Тревожные будни
Шрифт:
Лицо участкового покрывается капельками пота. Он отирает лоб платком... И вдруг чаша стадиона начинает покачиваться в его глазах, затем она плавно набирает скорость, переворачивается — и свет меркнет...
Безлюдная аллея недалеко от стадиона. По ней идут трое, вернее, двое ведут третьего, который не в силах даже передвигать ноги. Они посадили его под кустом, но он беспомощно повалился на спину. Двое обнялись и, покачиваясь, побрели прочь. А третий так и остался на траве с раскинутыми в стороны руками.
Поздняков
— Не знаю... Я вам, товарищ полковник, все как есть рассказал... Дочерью своей клянусь...
Раздался щелчок, и лента на диктофоне остановилась. Аппарат стоит на столе у Шарапова.
— Ну-с, — обращается полковник к сидящему против него инспектору Тихонову. — Что ты обо всем этом думаешь?
— С вашего разрешения, товарищ полковник, я бы об этой истории думать не хотел, — вежливо отвечает Тихонов.
— Не понял! — удивляется полковник.
— Владимир Иванович, вы же знаете, я никогда ни от каких дел не отказываюсь.

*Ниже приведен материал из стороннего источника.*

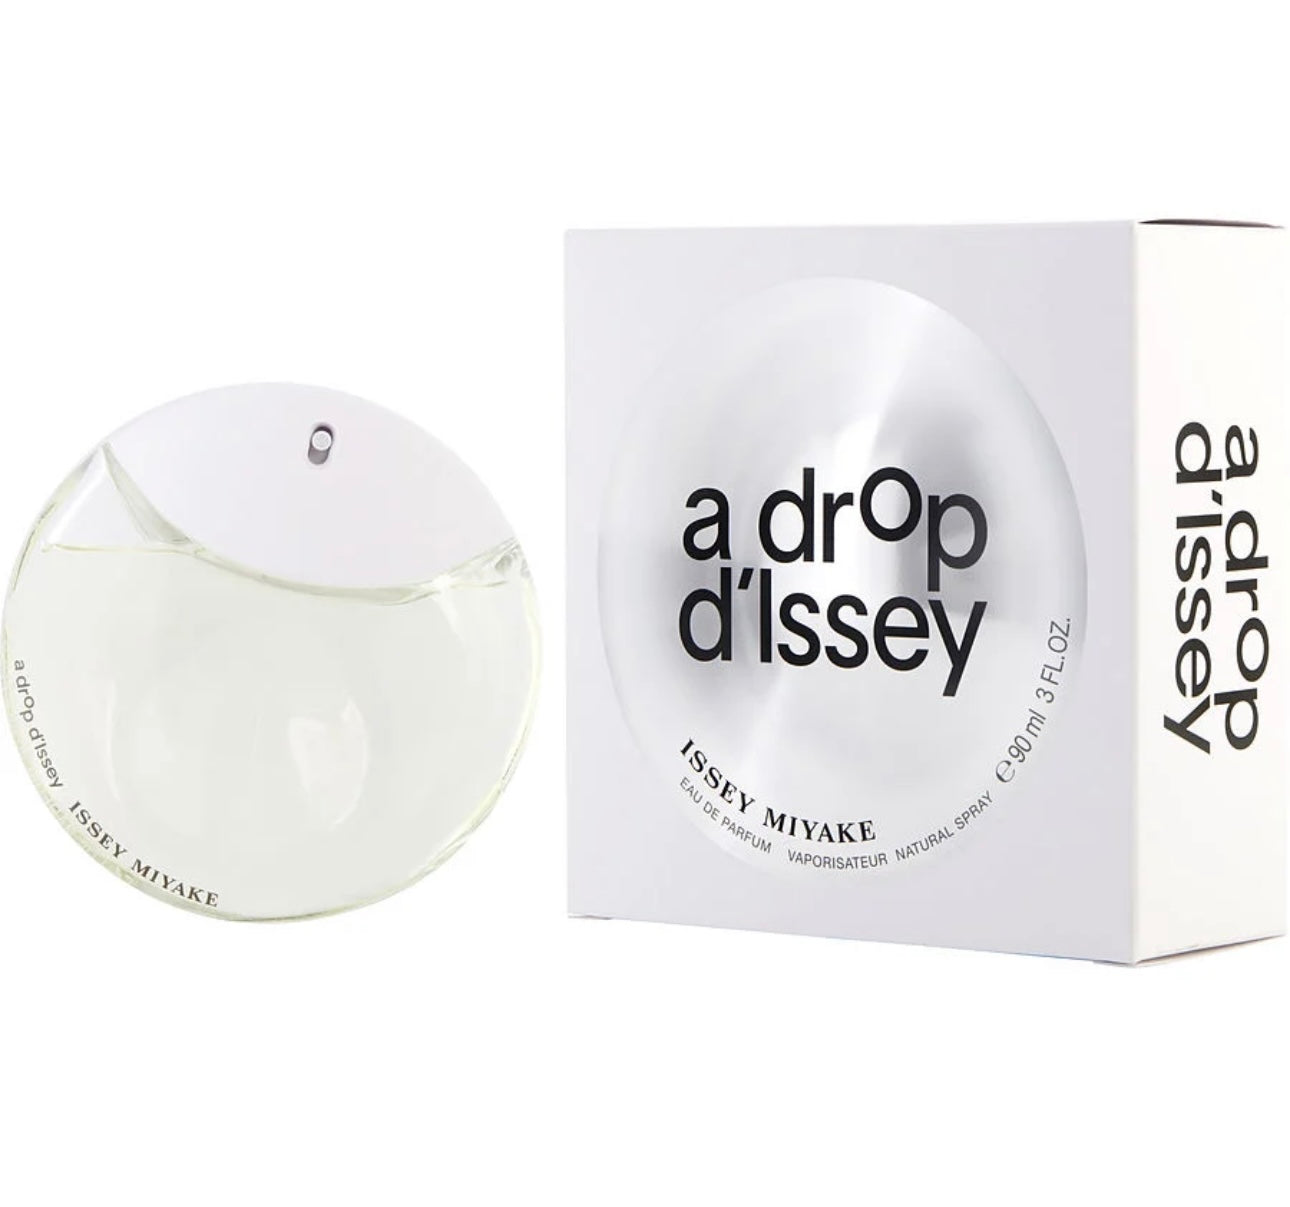 Issey Miyake-A Drop d'Issey-EdP

Но там я ж у л и к о в на чистую воду вывожу, и тут мне надо устанавливать, не жулик ли мой коллега. И мне как-то не по себе...
— И отчего же тебе не по себе?
— Как отчего? Да оттого, что всем этим сказкам Позднякова мне совершенно не хочется верить. А хочется думать, что все было куда проще, как и обычно бывает. Поздняков выпил. От жары сомлел. Удостоверение и пистолет потерял. За что его, сами понимаете, полагается под суд...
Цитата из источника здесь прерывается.